◆ Try it:
Return, word for word, the lines of the listing below from the one with "Photo caption: The" through the one with "Joint Statement on", and no other lines.

◆ Data to examine:
· · · · ·
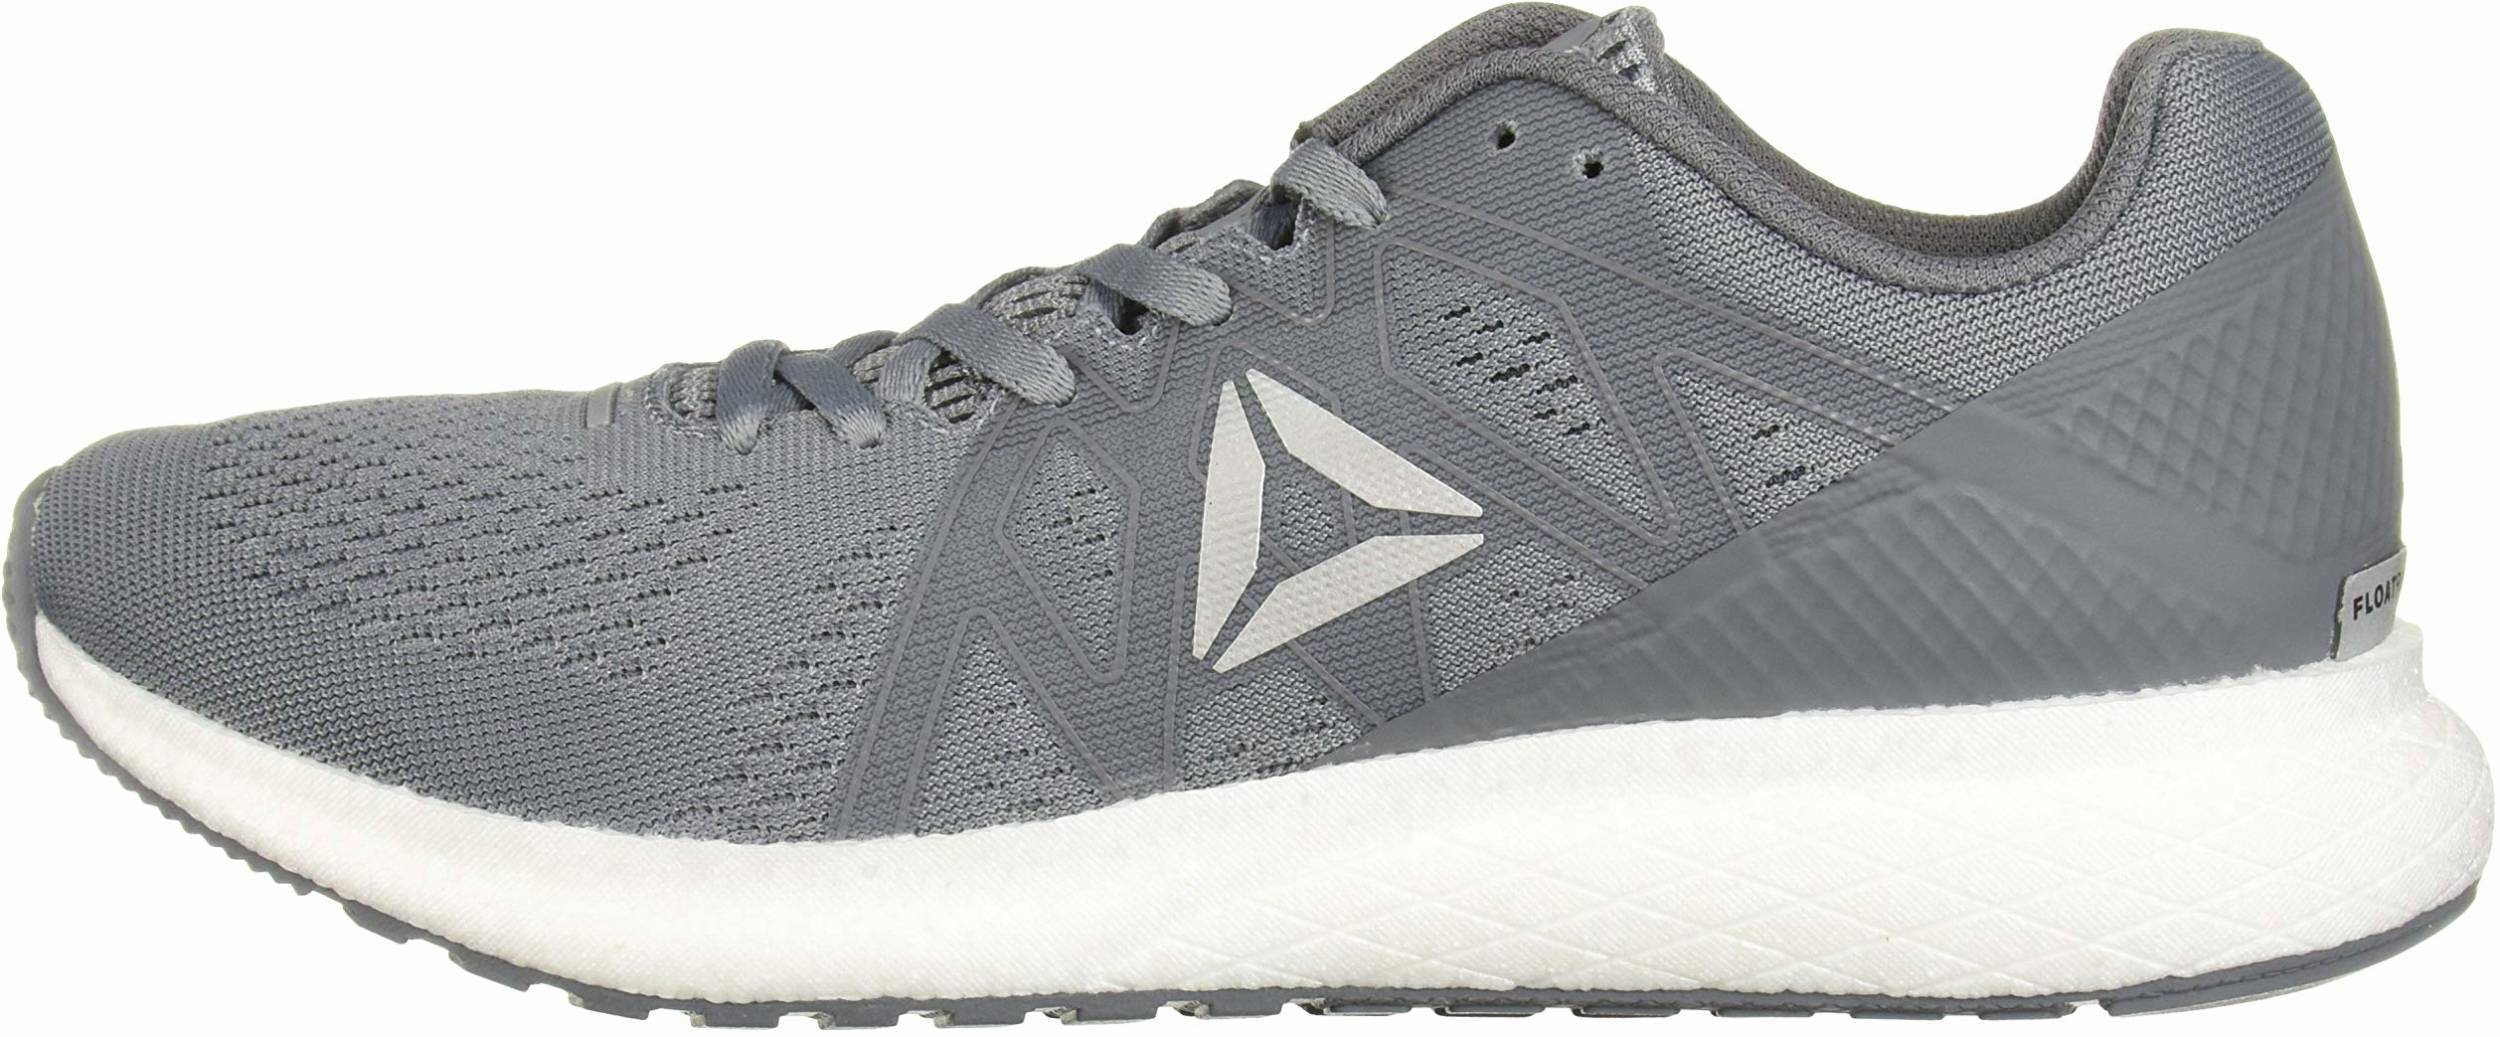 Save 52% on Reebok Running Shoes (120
· · · · ·
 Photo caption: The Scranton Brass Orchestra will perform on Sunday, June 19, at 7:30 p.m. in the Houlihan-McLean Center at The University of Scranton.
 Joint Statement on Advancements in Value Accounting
· · · · ·
◆ Solution:
 Photo caption: The Scranton Brass Orchestra will perform on Sunday, June 19, at 7:30 p.m. in the Houlihan-McLean Center at The University of Scranton.
 Joint Statement on Advancements in Value Accounting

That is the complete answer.